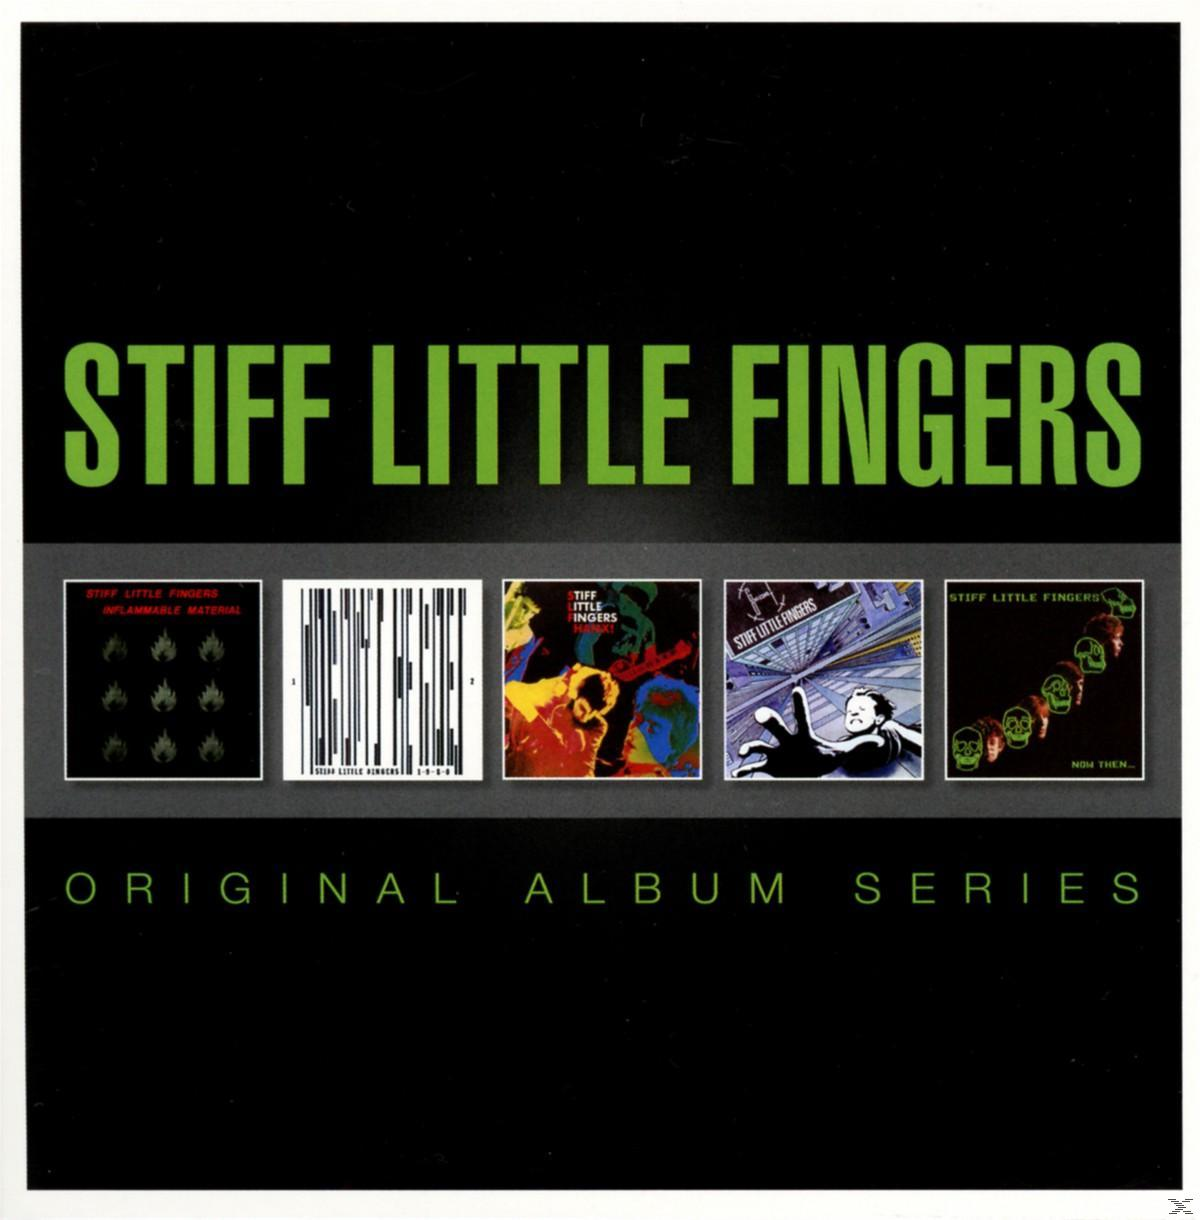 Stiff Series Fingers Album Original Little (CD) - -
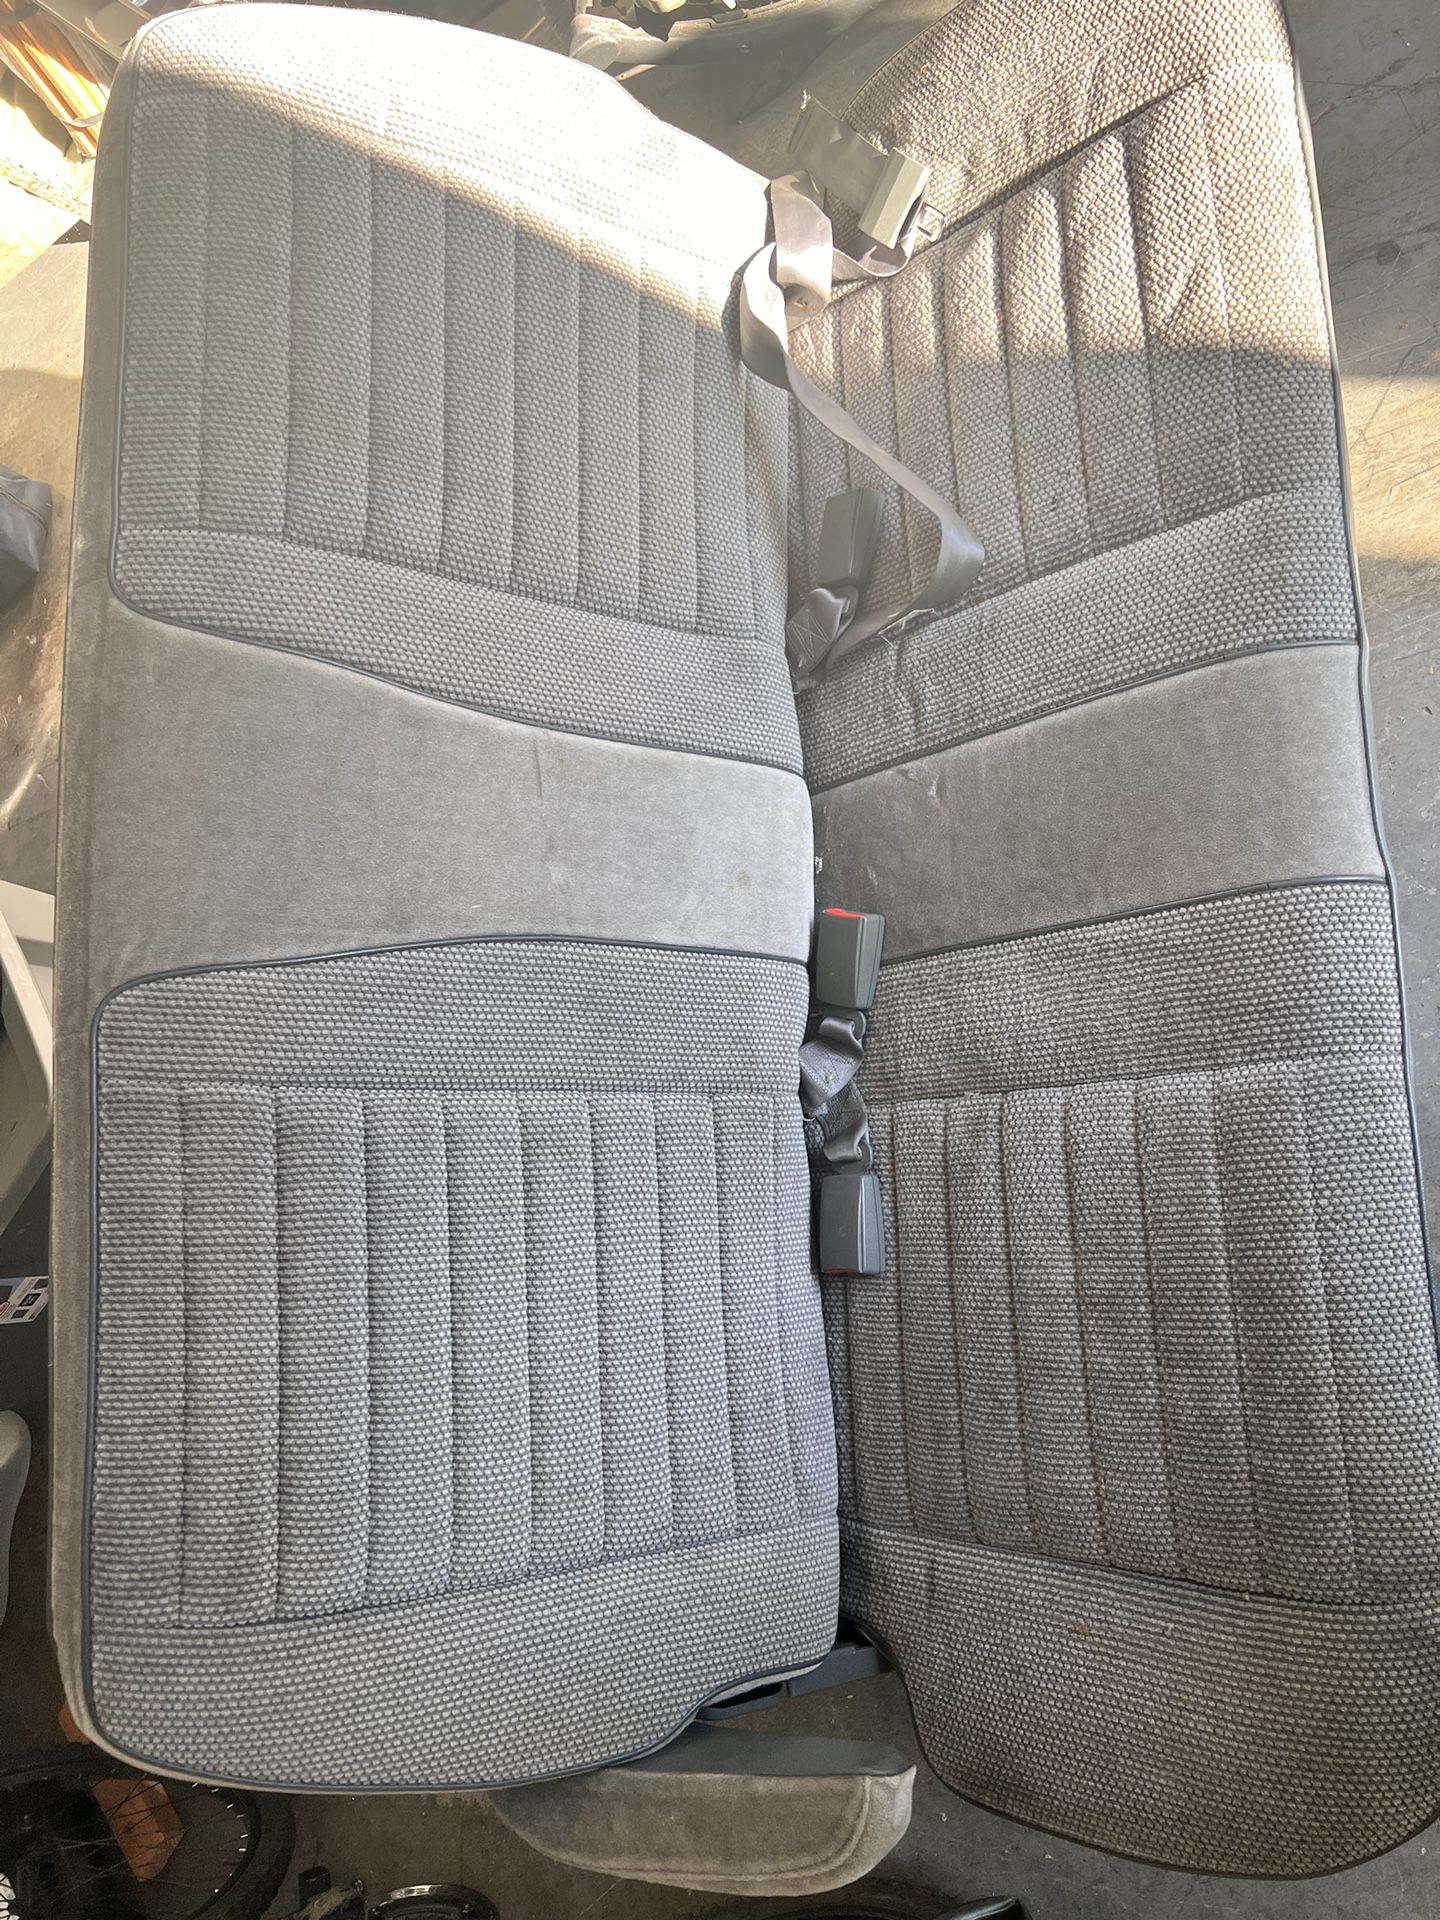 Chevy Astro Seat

* * *

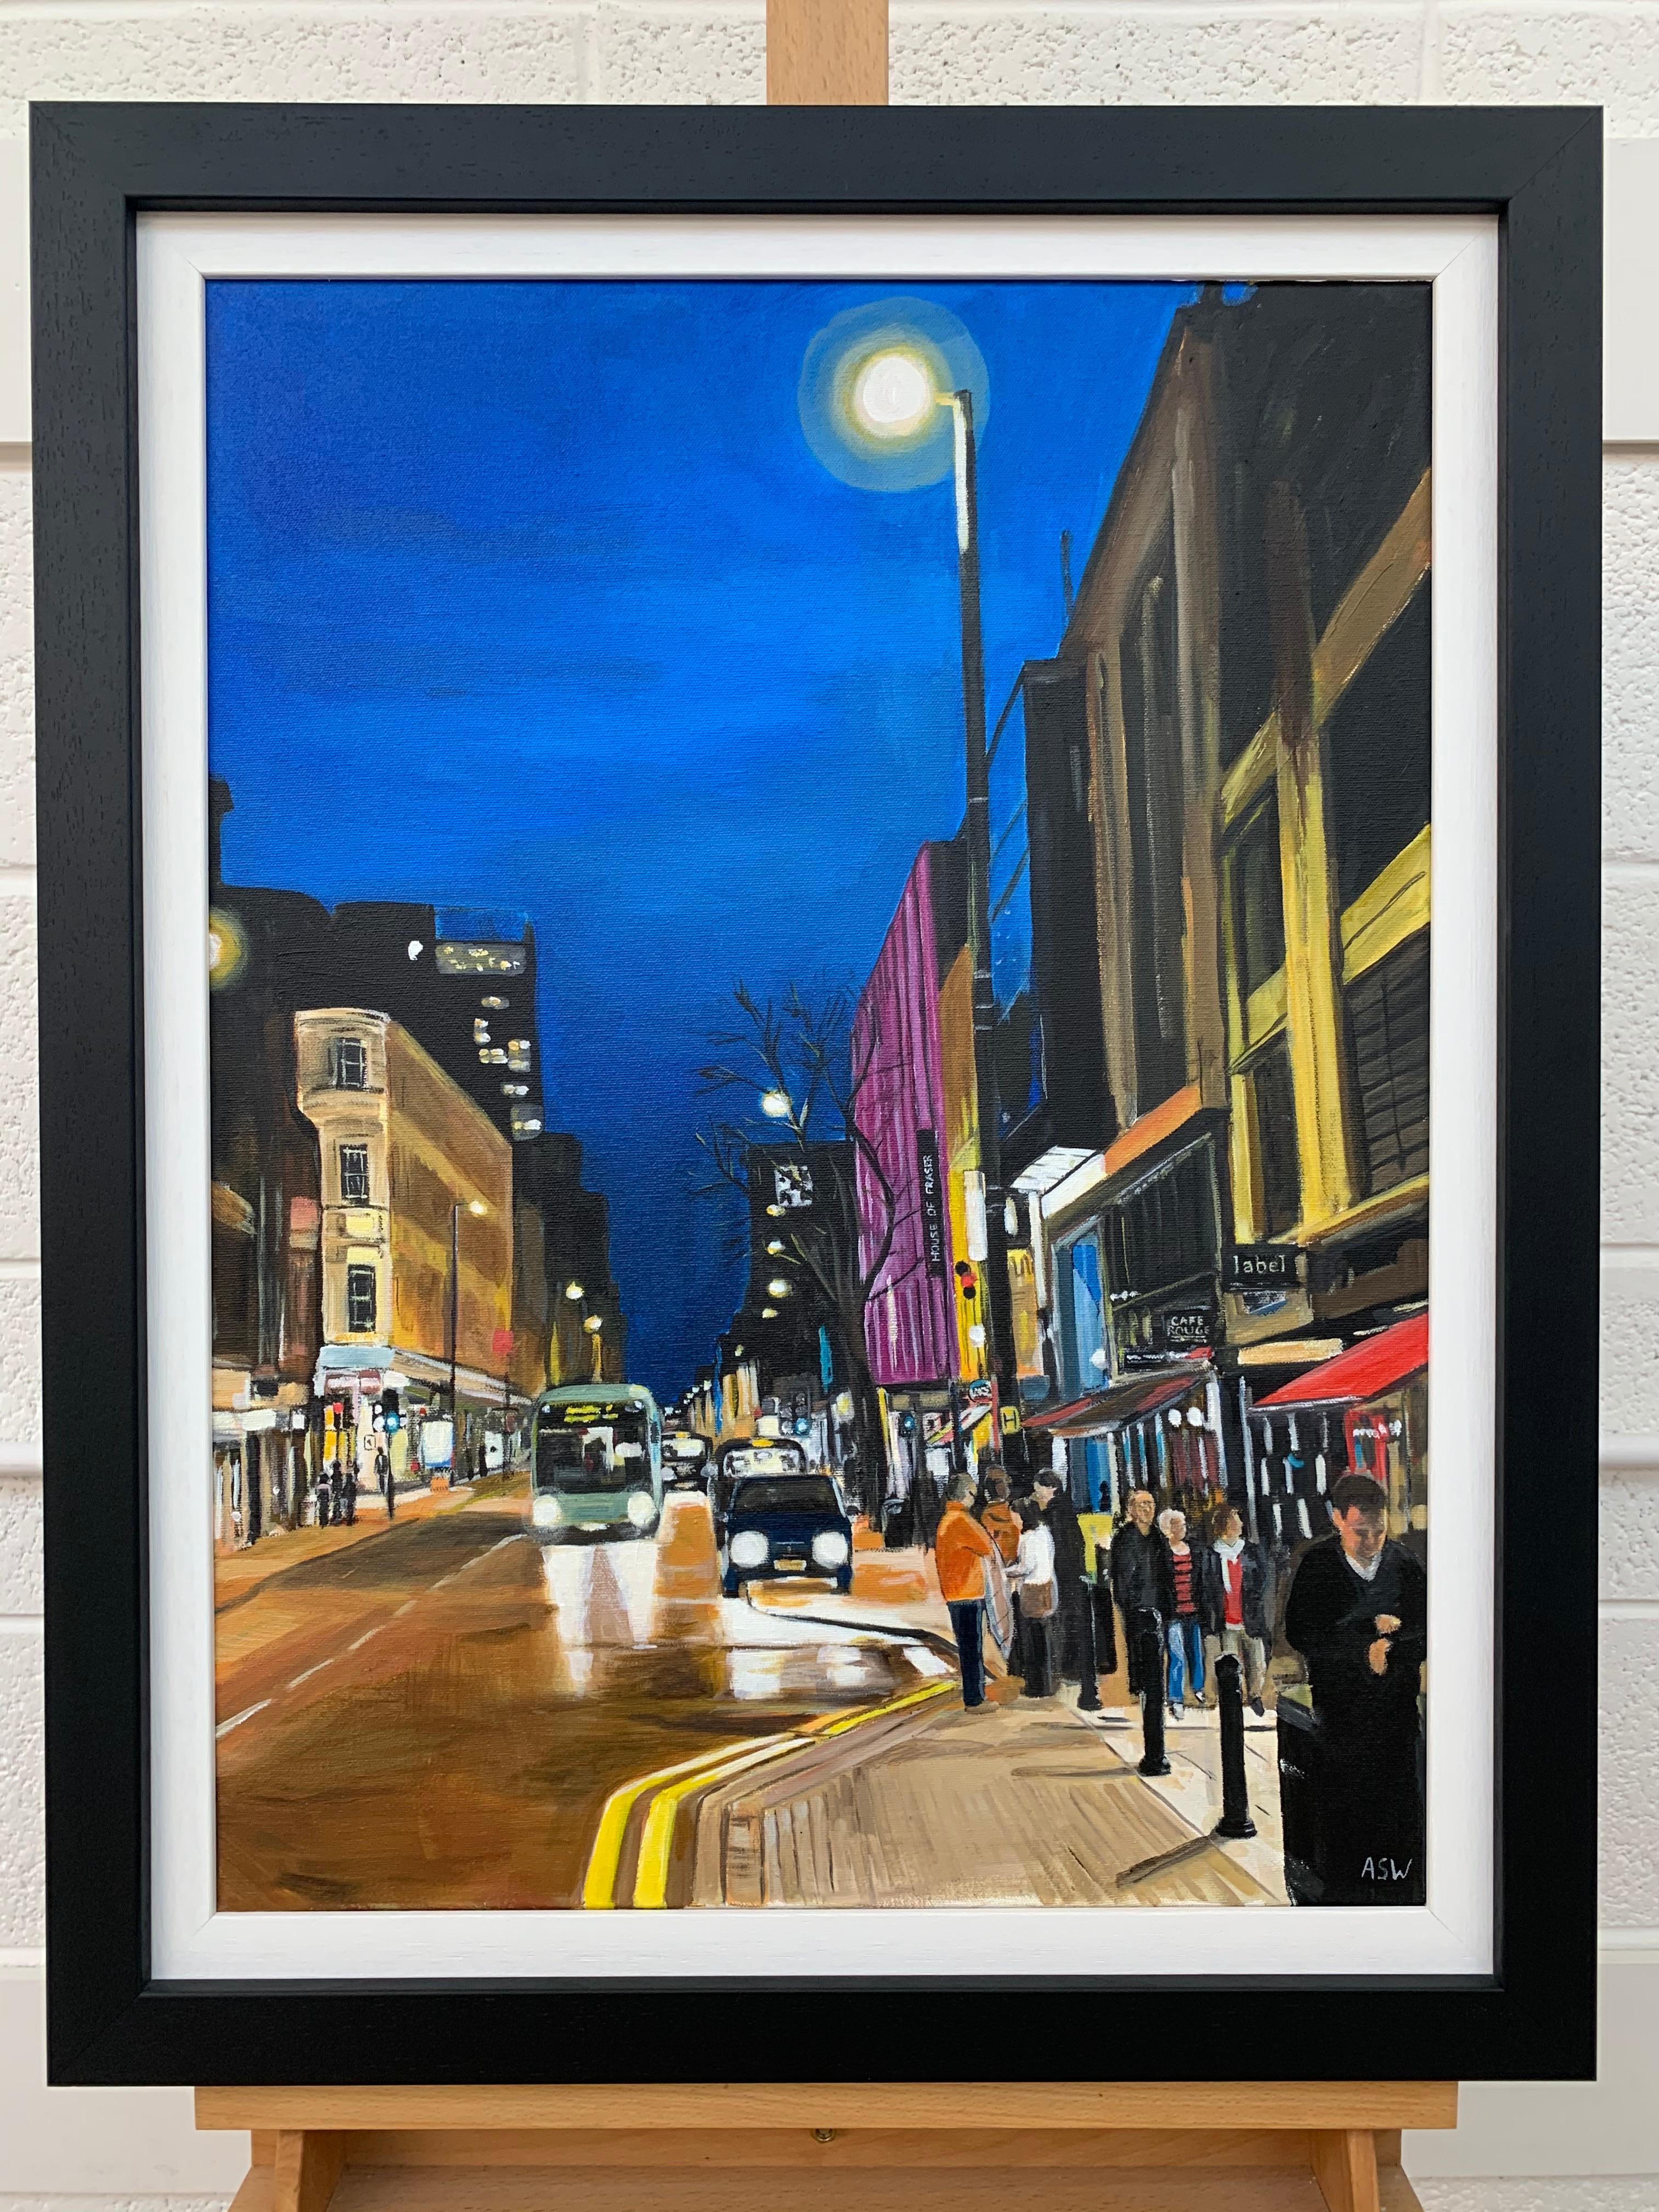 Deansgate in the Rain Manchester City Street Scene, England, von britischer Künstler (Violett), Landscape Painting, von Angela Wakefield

#### BRIEF
Copy exactly the lines of the entries above from the one containing "Stiff Series Fingers" through the one containing "Chevy Astro Seat". Both end lines count; pictures do not.

#### ANSWER BOX
 Stiff Series Fingers Album Original Little (CD) - -
 Chevy Astro Seat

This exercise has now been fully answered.